Most of the research on the relationship between individual income and happiness has been undertaken for advanced industrial countries. But it has been shown (Graham and Pettinato, 2001) that the results for individual income essentially carry over to both developing countries and tocountries in transition.
The effect of inflation on happiness
In combined time series-cross section studies, it has been shown that a higher inflation rate substantially reduces reported happiness. For 12 European countries over the period 1975–91, it has been calculated that an increase in the inflation rate by five percentage points—say from the mean rate of 8% to 13% per year—reduces average happiness by 0.05 units of satisfaction, i.e. from an average level in the sample of 3.02 to 2.97 (Di Tella et al., 2001). This is a substantial amount. It means that 5% of the population are shifted downwards from one life satisfaction category to the next lower one, e.g. from being ‘very satisfied’ to ‘fairly satisfied’.

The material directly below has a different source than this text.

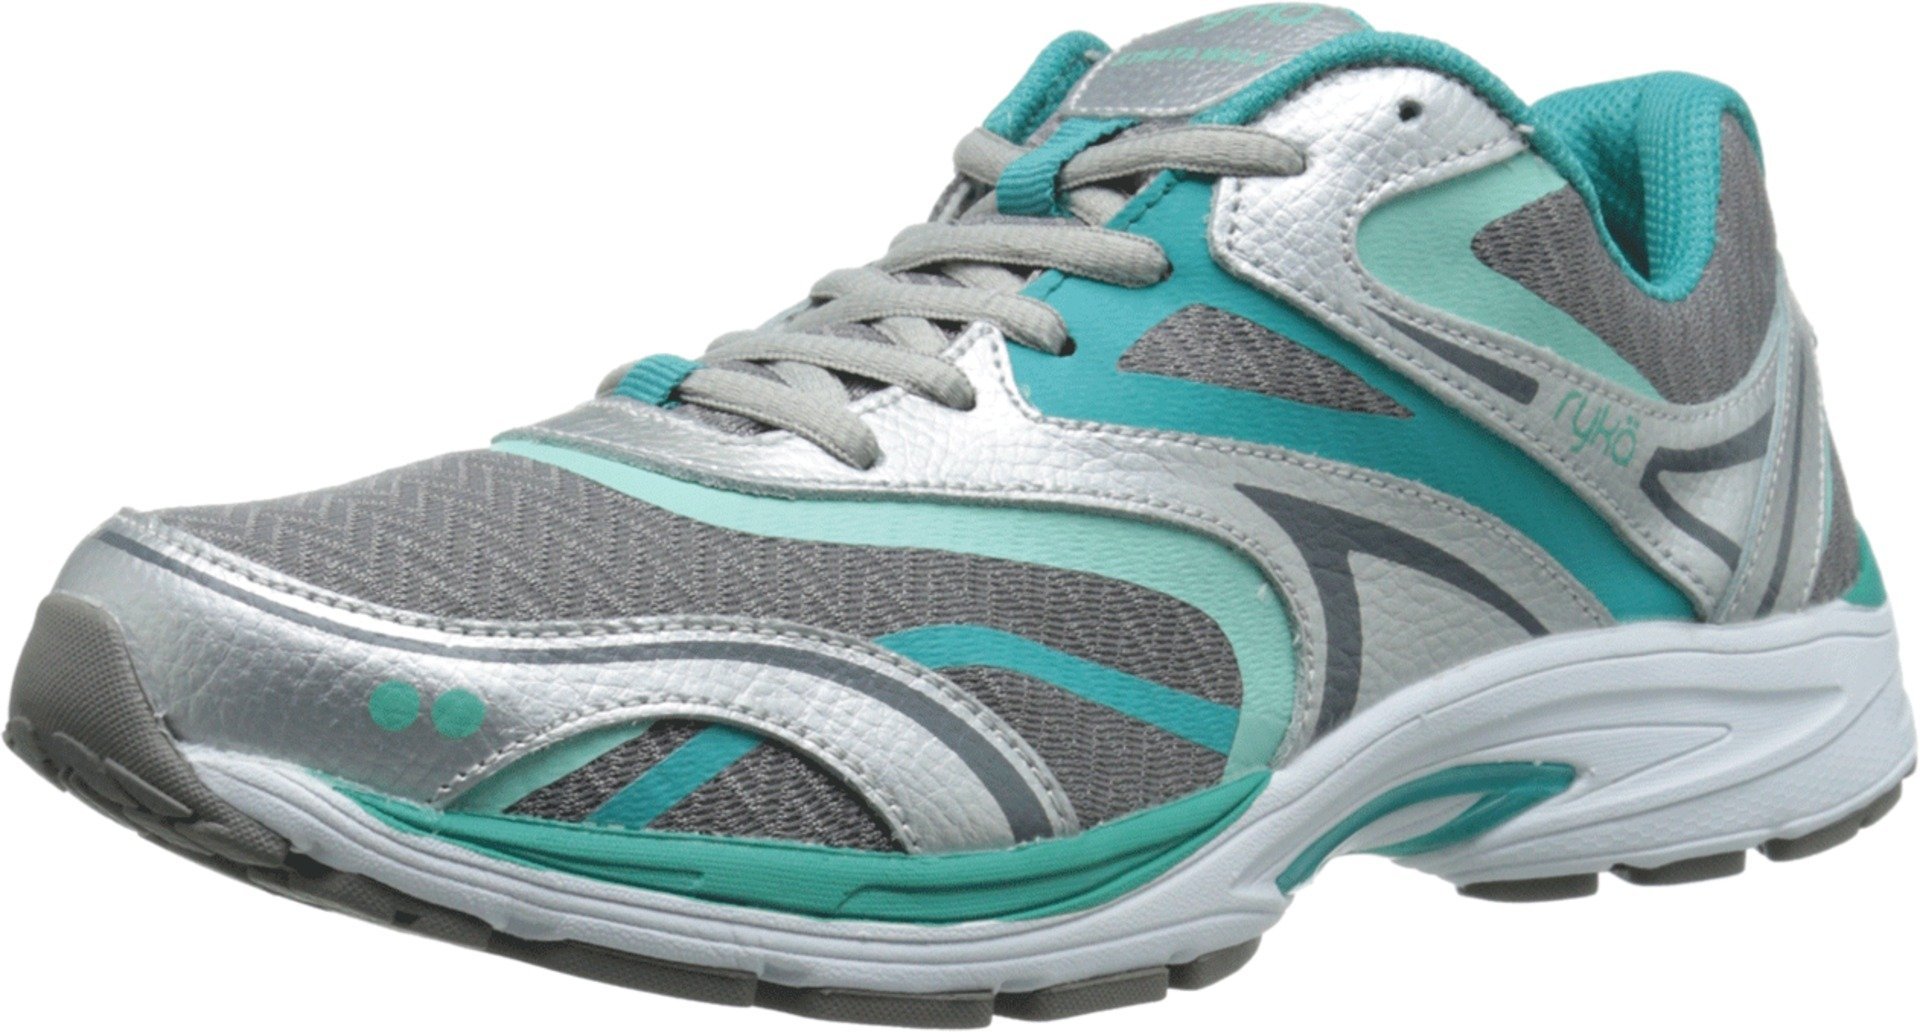 Ryka Women's Strata Walk Walking Shoe, Frost Grey/Beach Glass/Teal Blast/Chrome Silver, 7.5 M US

Trade-off between unemployment and inflation
The results on the effect of unemployment and inflation on happiness can now be combined. The question is: by how much, on average, must a country reduce its inflation in order to tolerate a rise of one percentage point in unemployment? It has been calculated for the twelve European countries referred to above (Di Tella et al., 2001) that a one percentage point increase in the unemployment rate is compensated for by a 1.7 percentage point decrease in inflation. Thus, if unemployment rises by five percentage points (say from 3% to 8%), the inflation rate must decrease by 8.5 percentage points (say from 10% to 1.5% per year) to keep the population equally satisfied. This result significantly deviates from the ‘Misery Index’ which, for lack of information, has simply been defined as the sum of the percentage unemployment rate and the percentage annual inflation rate. This index distorts the picture by attributing too little weight to the effect of unemployment, relative to inflation, on self-reported happiness.